The previous work has been recognized through: BSc Thesis Extraordinary Award 1992; UPM Extraordinary PhD Award 2001/2002; 2004 Award for Research or Technological Development for Professors of the UPM; 2002 “SIDAR-Universal Access” Award; finalist of the 2009 “best paper award” of the IEEE Engineering in Medicine and Biology Conference; 2010 and 2018 best research paper award of the Spanish Excellence network on speech technology; finalist of the “2012 Best Demo award” of the Spanish Excellence network on speech technology; “2015 Entrepreneur award” of the IEEE Spain with the startup IngeVox, 2008. Moreover, he has been appointed Fulbright Scholar, senior member of the IEEE, ELLIS member, and honorary professor at National University of Colombia.
November 12th
Andreas Stolcke, Uniphore, USA.
Title of the talk: Large Language Models for Speech Processing
Abstract:
The talk will summarize various lines of work that aim to leverage the knowledge encoded in LLMs for speech recognition and related tasks. One approach is to for LLMs to postprocess ASR outputs, either to rerank or edit (correct) hypotheses. We show that this is possible even without fine-tuning LLMs for this task, via instruction prompting and in-context learning.

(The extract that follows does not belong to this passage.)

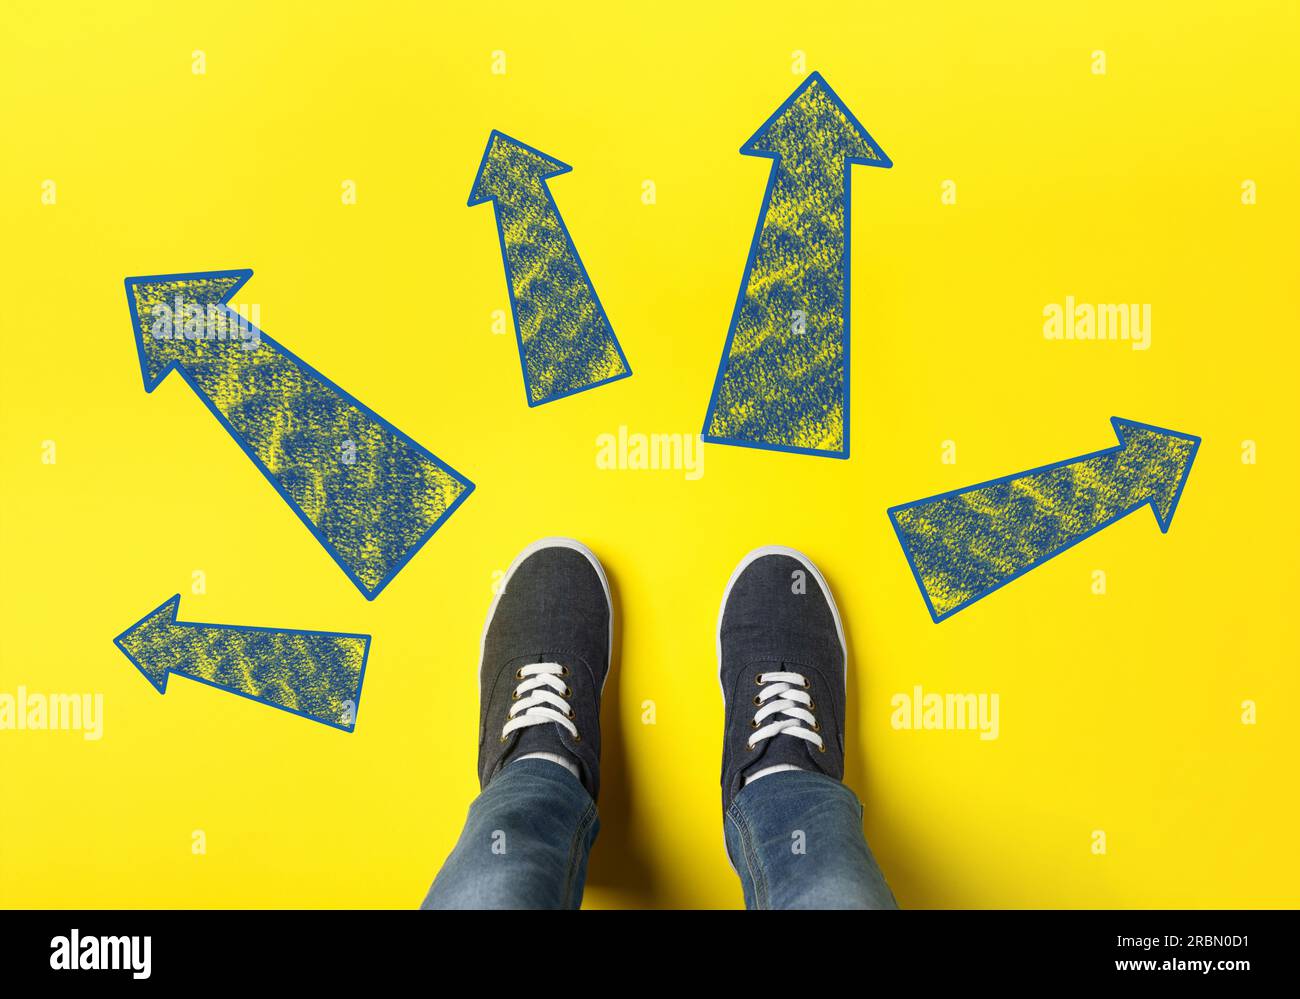 Choosing future profession. Teenager standing in front of drawn signs on yellow background, top view. Arrows pointing in different directions symboliz Stock Photo

Another line of work is to augment LLMs originally trained on text with acoustic information to make them pay attention to cues that are unique to speech and conversation, also leveraging pretrained acoustic embedding models. This yields multimodal models that process speech as more than transduced text, while still leveraging the long-span language “understanding” capabilities LLMs are known for. In one case, we show that LLMs can use acoustic information to model utterance sentiment to improve word prediction. In another, we are able to use LLMs to predict where in a conversations one should take the turn, back-channel, or continue listening.
Finally, I will show that while LLMs are powerful, they are still limited and far from having common sense or general intelligence, so enthusiasm about them should be tempered.
Bio: Andreas Stolcke is a distinguished scientist at Uniphore. He obtained his PhD from UC Berkeley and then worked as a researcher/scientist at SRI International, Microsoft, and Amazon. His research interests include computational linguistics, language modeling, speech recognition, speaker recognition and diarization (keeping track of multiple speakers), and paralinguistics (e.g., sentiment and emotion recognition), with over 300 papers and patents in these areas. His open-source SRI Language Modeling Toolkit is widely used in academia. For over 30 years, Andreas has a strong track record inventing novel algorithms for speech and language processing. He is a Fellow of the IEEE, the International Speech Communication Association, and the Asia-Pacific Artificial Intelligence Association.